2) We select the target attribute and the others by which we will predict.

$$
features
$$

$$
target
$$

3) Create a matrix of features ***X*** for prediction and check its dimension.

$$
X = np.array(features)
$$

$$
(m, n)
$$

4) Let's create a square matrix ***P*** from random elements with the difference (k,k), provided that the width of the first matrix (푚×푛) is equal to the height of the second matrix In (k×K):):

$$
k = n
$$

In this case, the matrix ***P*** must be reversible (The determinant of the matrix P must not be equal to 0)

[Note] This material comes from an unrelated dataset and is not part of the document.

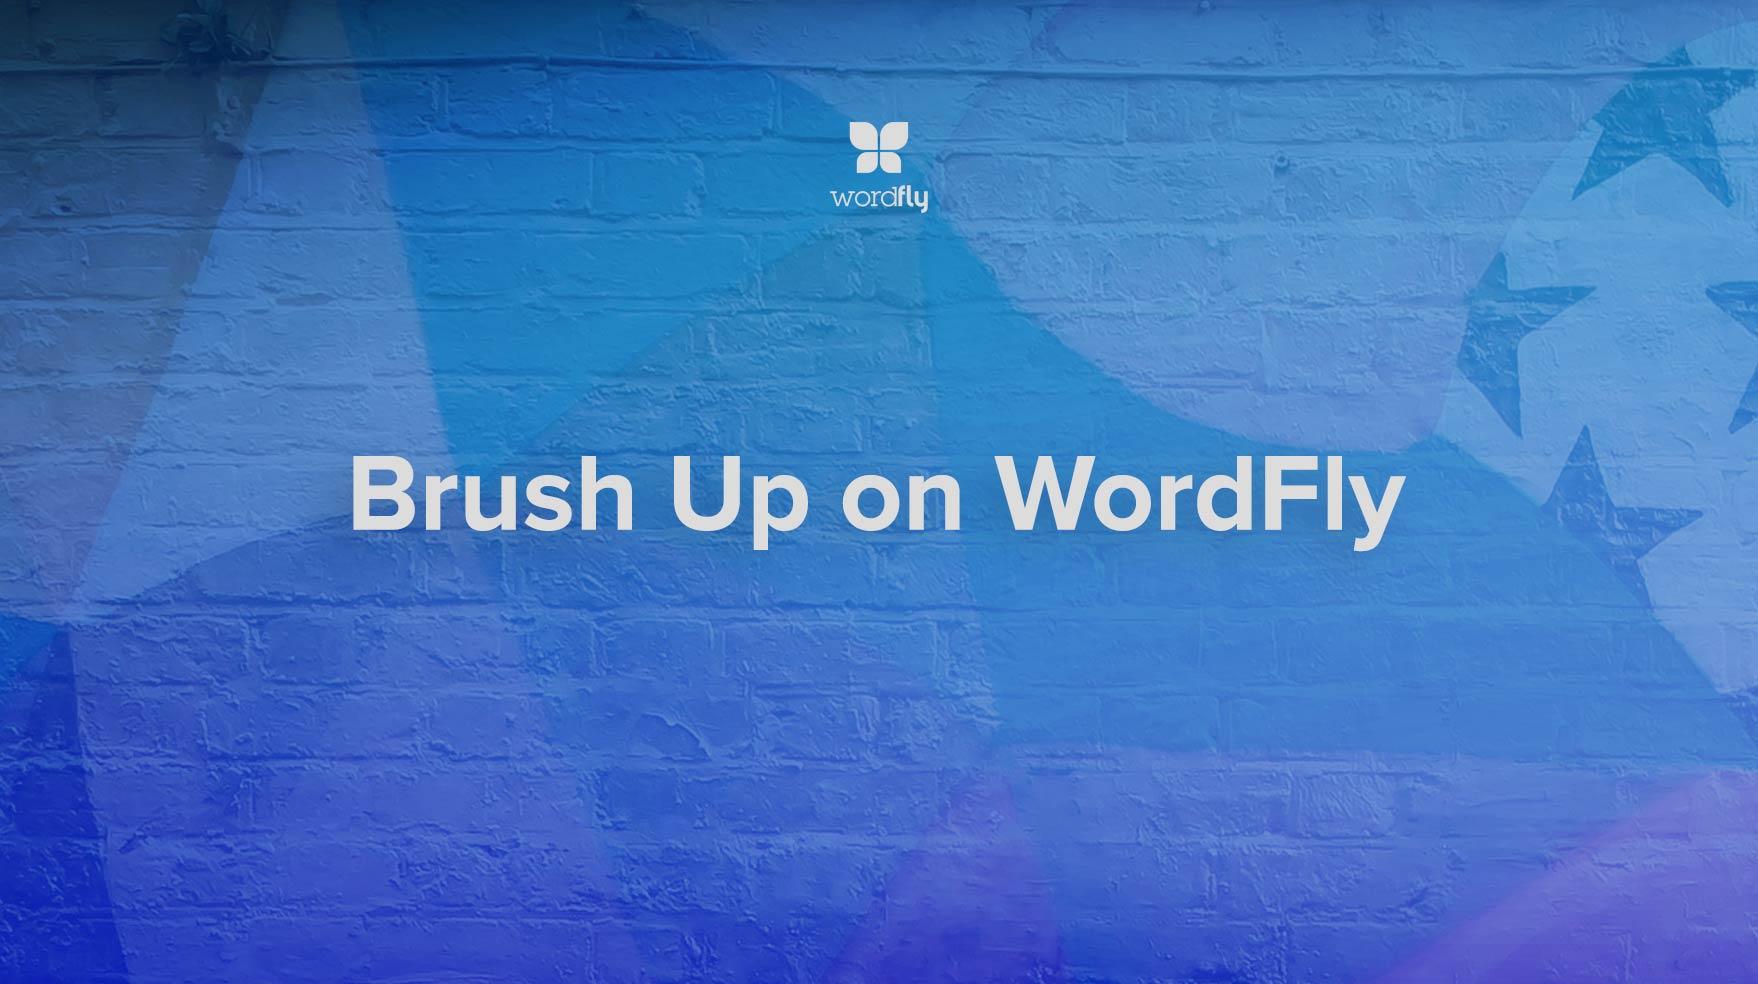 Brush up on WordFly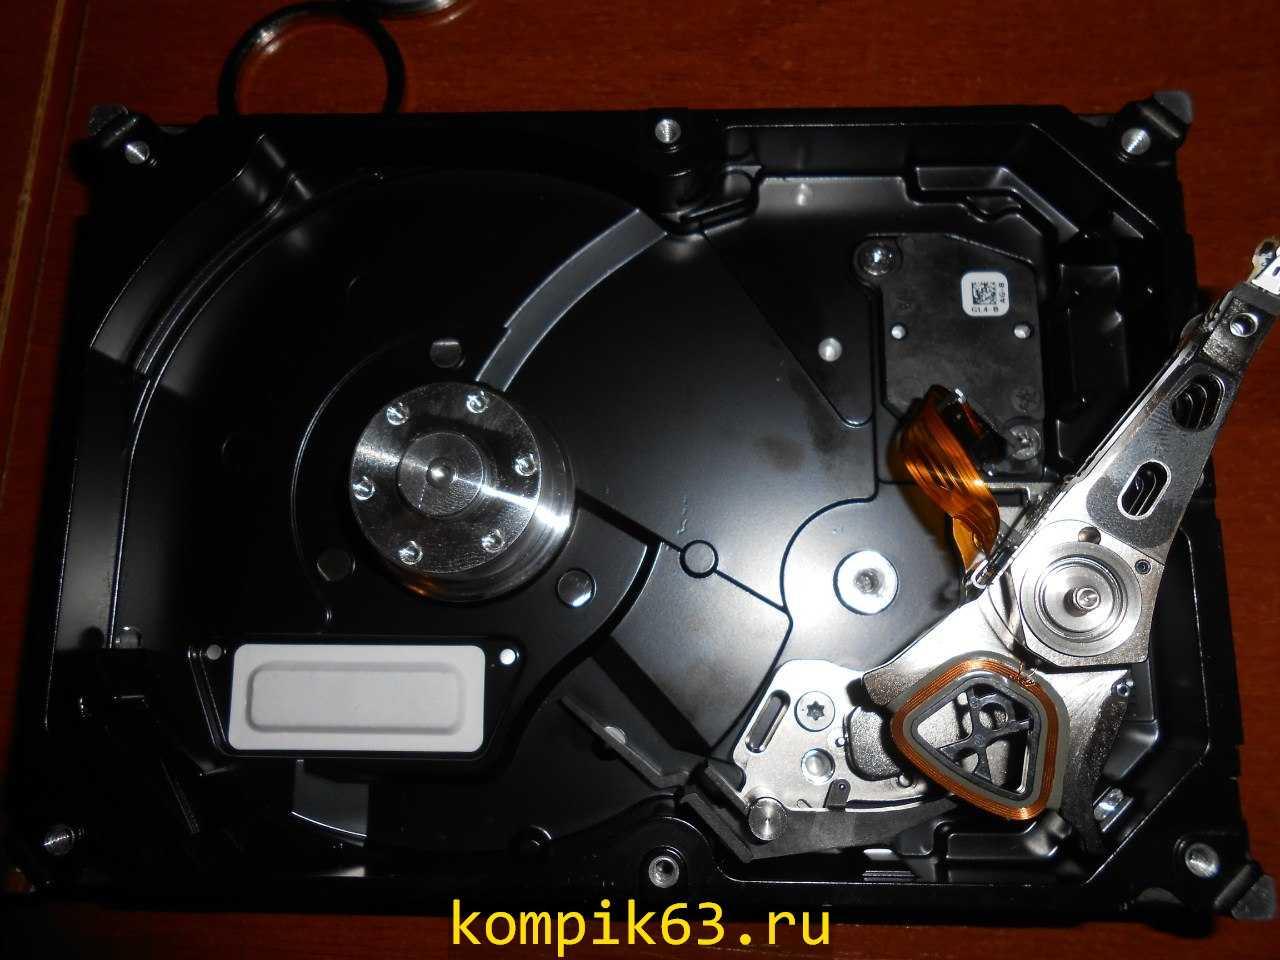 kompik63.ru-114

5) We produce matrix multiplications ***X*** and ***P***, the product of which will be the new matrix ***Z***

$$
Z = X * P
$$

**Justification**

The essence of encryption is that only a certain circle of people have access to the source information and there are no leaks. 

In this case, the reversible matrix will be the key by which you can both encrypt the data (P) and decrypt it (P^-1).

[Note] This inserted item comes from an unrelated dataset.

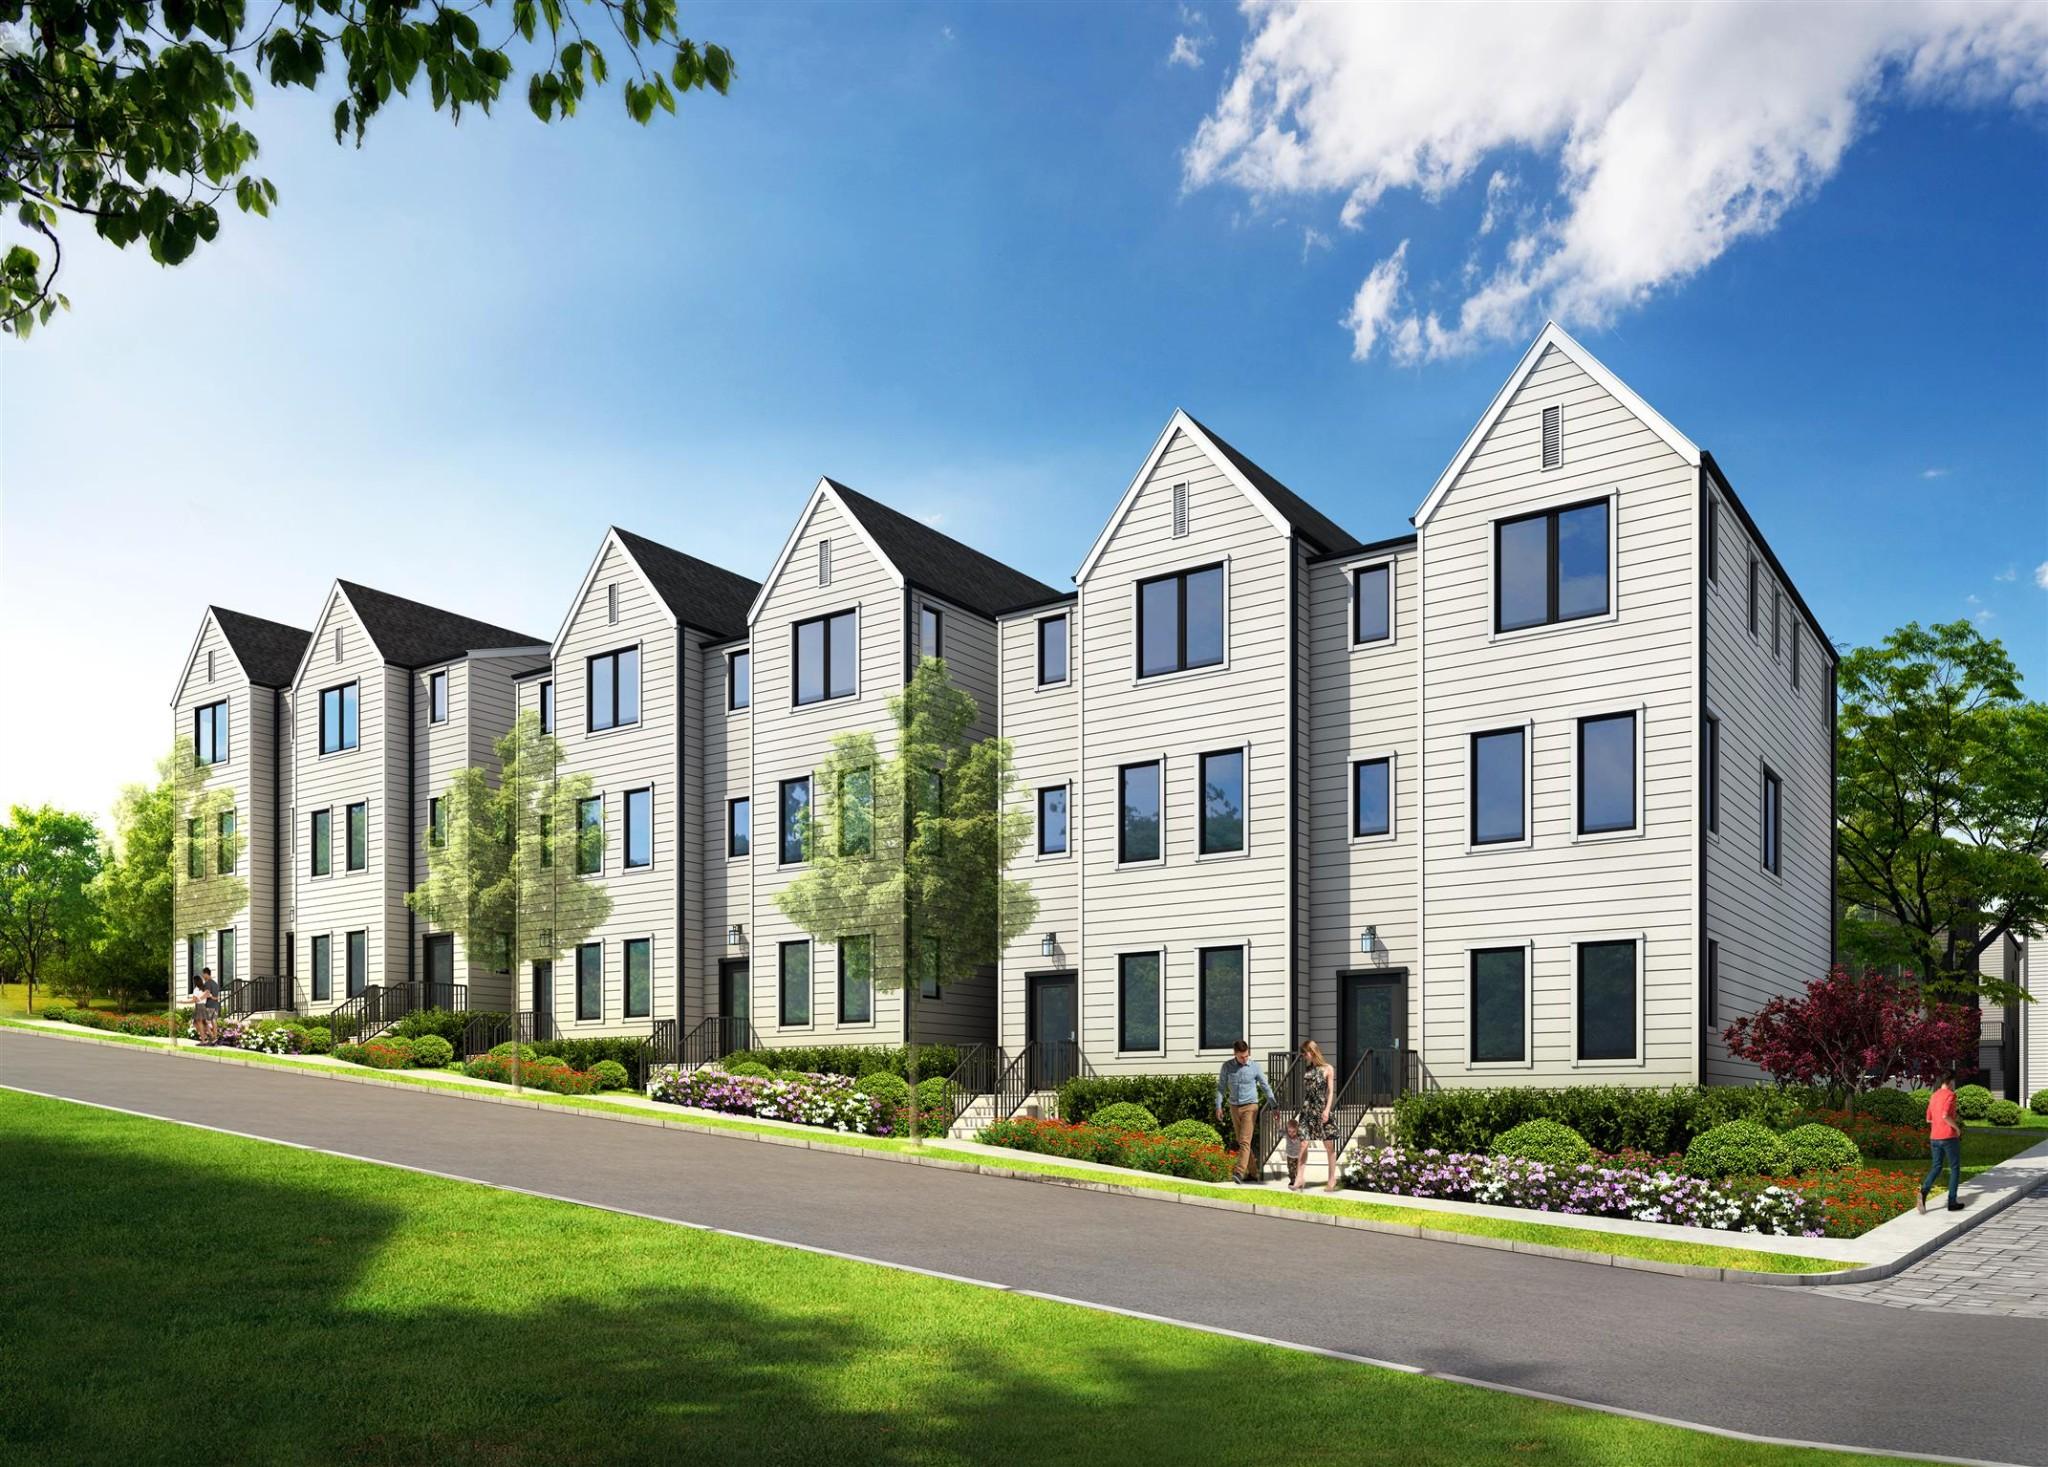 6000 Sterling St, Nashville, TN 37209 - Nashville, TN real estate listing

At the same time, taking into account the earlier verification and the above in the conclusion of the section **Matrix Multiplication (Project)**, the quality of the linear regression model for predicting the number of insurance payments will not deteriorate.

## Checking the algorithm

Let's prepare the Lineage_2 model and include in it the process of encrypting the original features.

In [19]:
class LinReg_2:
    def fit(self, train_features, train_target):
        np.random.seed(4)
        P = np.random.normal(3, 2.5, size=(4, 4))
        X = np.array(train_features)
        Z = X @ P
        Z_1 = np.concatenate((np.ones((train_features.shape[0], 1)), train_features), axis=1)
        y = train_target
        w = ((np.linalg.inv(Z_1.T @ Z_1)) @ Z_1.T) @ y
        self.w = w[1:]
        self.w0 = w[0]

    def predict(self, test_features):
        return test_features.dot(self.w) + self.w0

Let's compare the quality of the models.

In [20]:
model = LinReg_2()

model.fit(features, target)

predictions = model.predict(features)

r2_score(target, predictions)

0.42494550286668

# Conclusion

We see that the quality of the model when adding the encryption process to the class remained at the same level.